1481950 - Find out why WebRender's CONTENT_FRAME_TIMEs are what they are

Reporter

Description

•

6 years ago

The frame time graph in https://docs.google.com/document/d/1Gh5de2b9YB4FMwDLYoAU9xnEBEkHzcaF3WUoJQs0lOM/edit# is surprising. WebRender has some better scores at the low end but is generally worse. We should make sure it all makes sense.

Sotaro Ikeda [:sotaro]

Comment 1

•

6 years ago

One cause of the difference seems to be EmptyTransaction handling. ShadowLayerForwarder::EndTransaction() does not forward transaction when transaction is empty.
  https://dxr.mozilla.org/mozilla-central/source/gfx/layers/ipc/ShadowLayers.cpp#643

But WebRenderLayerManager::EndEmptyTransaction() almost always forwards transactions.
  https://dxr.mozilla.org/mozilla-central/source/gfx/layers/wr/WebRenderLayerManager.cpp#180

And WebRenderBridgeParent::RecvEmptyTransaction() returns did composite by calling cbp->NotifyPipelineRendered() if the transaction does not have updates.
  https://dxr.mozilla.org/mozilla-central/source/gfx/layers/wr/WebRenderBridgeParent.cpp#911

Sotaro Ikeda [:sotaro]

Comment 2

•

6 years ago

Bug 1482032 is created for comment 1.

Sotaro Ikeda [:sotaro]

Updated

•

6 years ago

Depends on: 1482032

Matt Woodrow (:mattwoodrow)

Comment 3

•

6 years ago

Thanks Sotaro!

It might also make sense to only register a value for CONTENT_FRAME_TIME if we actually drew something. Both backends seem to have fallbacks path where we call DidComposite/NotifyPipelineRendered even when no work was done.

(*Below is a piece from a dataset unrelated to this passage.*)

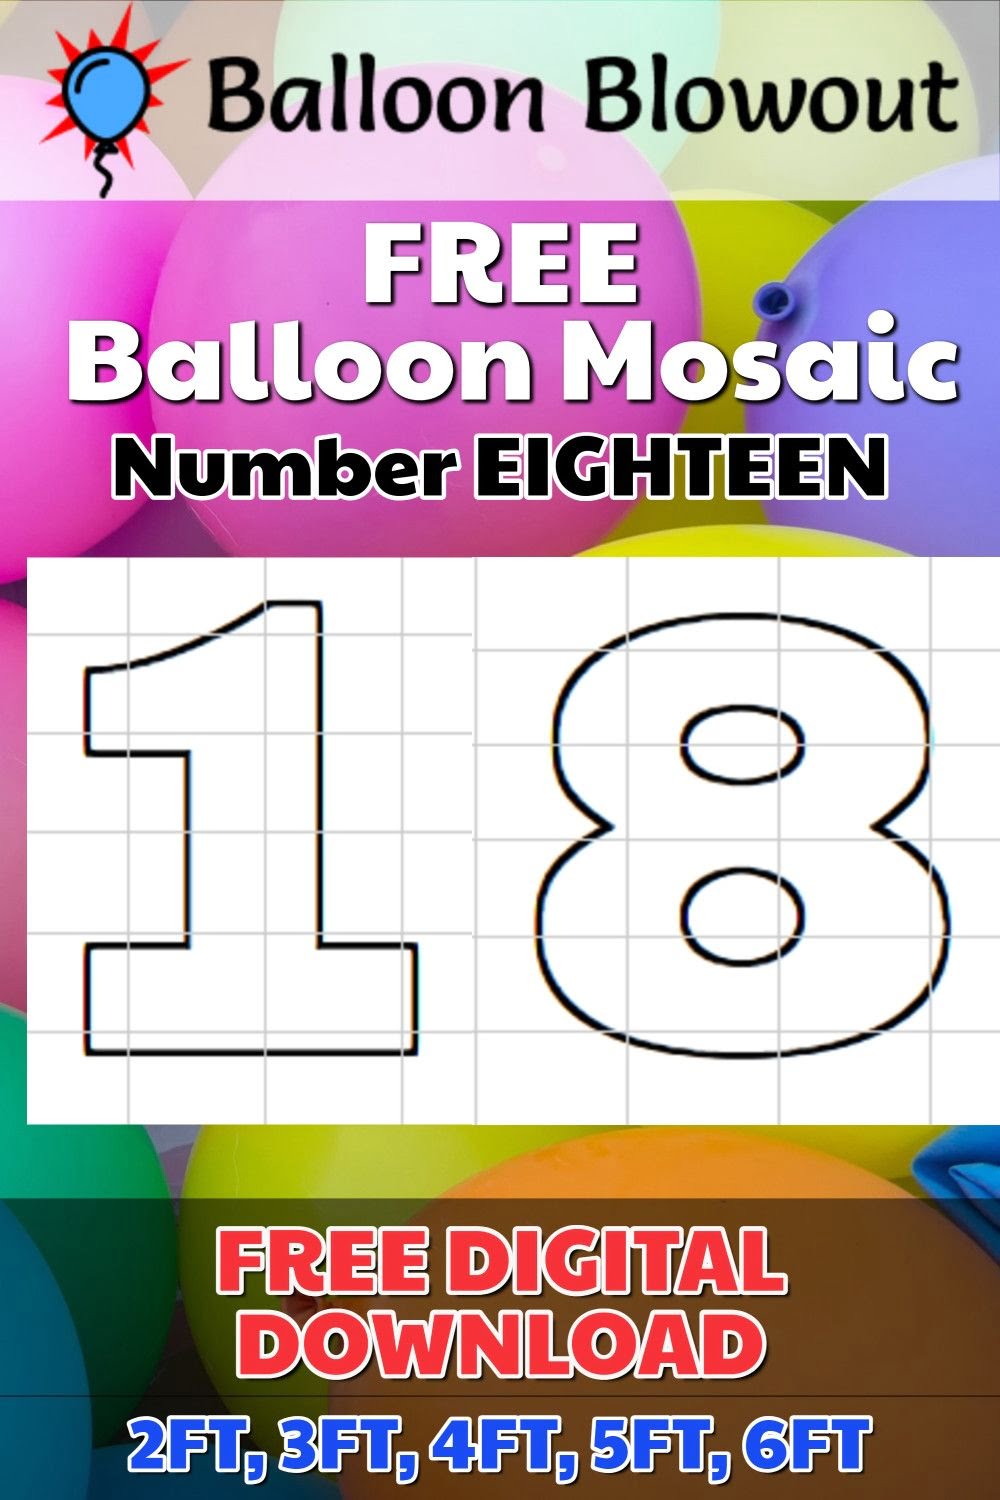 FREE Balloon Mosaic Number18 EIGHTEEN Template Frame Kit PDF Large Printable DIY 2ft 3ft 4ft 5ft 6ft Balloon Template Balloons Free Printable Letter Templates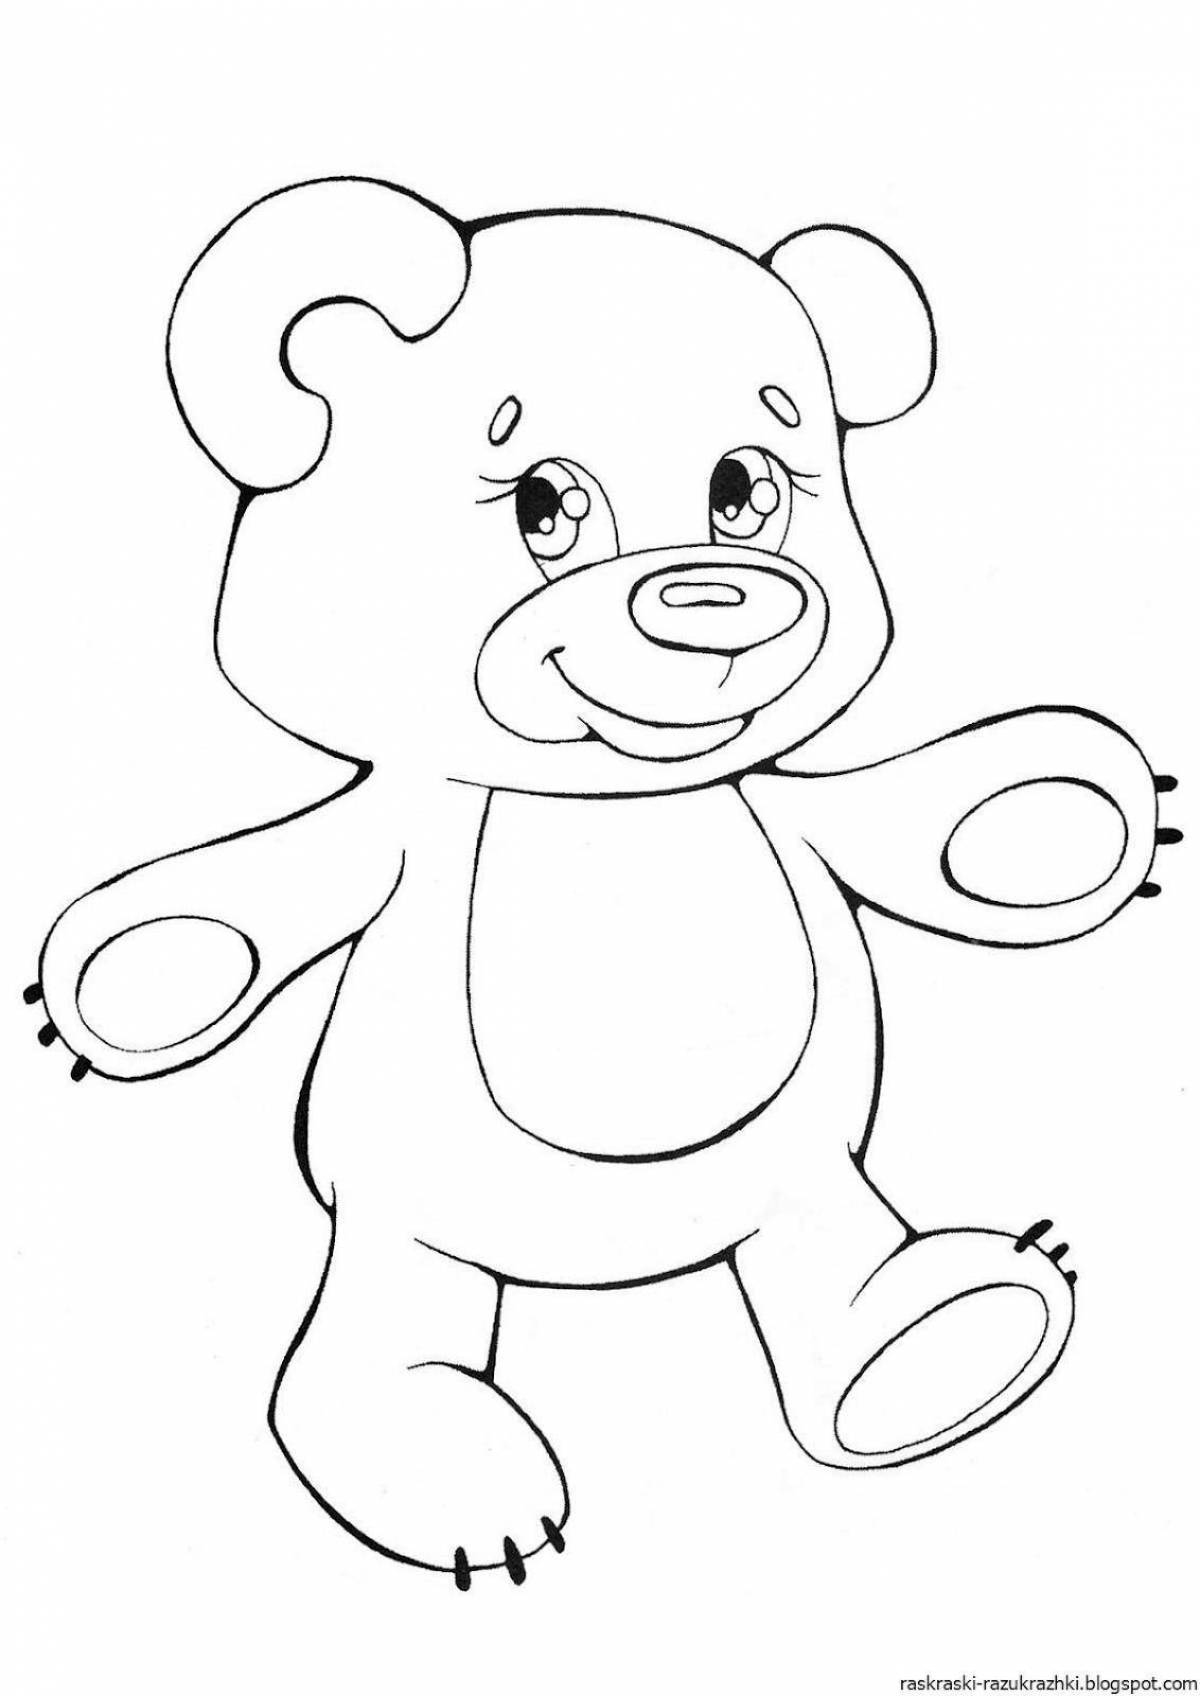 Children's teddy bear coloring book

I think we need some code to run to ensure MozAfterPaint is delivered (since JS can be waiting for it), but we should be able to skip recording the telemetry value.

Matt Woodrow (:mattwoodrow)

Comment 4

•

6 years ago

I reproduced this earlier today (by setting a breakpoint when CONTENT_FRAME_TIME was registered with a value less than 80), and it came from the real render callback (NotifyDidRender).

That might be a sign of another bug, or might have just been a weird one off.

Matt Woodrow (:mattwoodrow)

Comment 5

•

6 years ago

Having profiler markers (with the epoch/transaction id included) for all the events here would make it easier to visualize.

Sotaro Ikeda [:sotaro]

Comment 6

•

6 years ago

There is also additional difference in WebRenderBridgeParent::RecvEmptyTransaction(). !ScrollUpdatesMap.empty() trigger composition, but it does not generate next webrender epoch. It seems better to generate next webrender epoch in this case.

https://dxr.mozilla.org/mozilla-central/source/gfx/layers/wr/WebRenderBridgeParent.cpp#870

Sotaro Ikeda [:sotaro]

Comment 7

•

6 years ago

(In reply to Sotaro Ikeda [:sotaro] from comment #6)
> There is also additional difference in
> WebRenderBridgeParent::RecvEmptyTransaction(). !ScrollUpdatesMap.empty()
> trigger composition, but it does not generate next webrender epoch. It seems
> better to generate next webrender epoch in this case.
> 
> https://dxr.mozilla.org/mozilla-central/source/gfx/layers/wr/
> WebRenderBridgeParent.cpp#870

Created Bug 1482050.

Sotaro Ikeda [:sotaro]

Updated

•

6 years ago

Depends on: 1482050

Sotaro Ikeda [:sotaro]

Comment 8

•

6 years ago

Comment 4 might be related to Comment 6.

Matt Woodrow (:mattwoodrow)

Comment 9

•

6 years ago

(In reply to Sotaro Ikeda [:sotaro] from comment #8)
> Comment 4 might be related to Comment 6.

That does sound possible!

If the call to NotifyDidRender was waiting in the event queue when we run RecvEmptyTransaction (and we hit the path that you mentioned), then it would add to mPendingTransactionIds and resolve it immediately afterwards.

Comment hidden (obsolete)

Sotaro Ikeda [:sotaro]

Updated

•

6 years ago

Assignee: sotaro.ikeda.g → nobody

Sotaro Ikeda [:sotaro]

Updated

•

6 years ago

Attachment #8999499 - Attachment is obsolete: true

Jeff Muizelaar [:jrmuizel]

Reporter

Comment 11

•

6 years ago

I added profiler markers:

Wr-off: https://perfht.ml/2w4uRBy
Wr-on: https://perfht.ml/2w304Fp

From this it looks like there's a consistent disparity between these measurements even in scenarios where we can consistently paint at 60fps.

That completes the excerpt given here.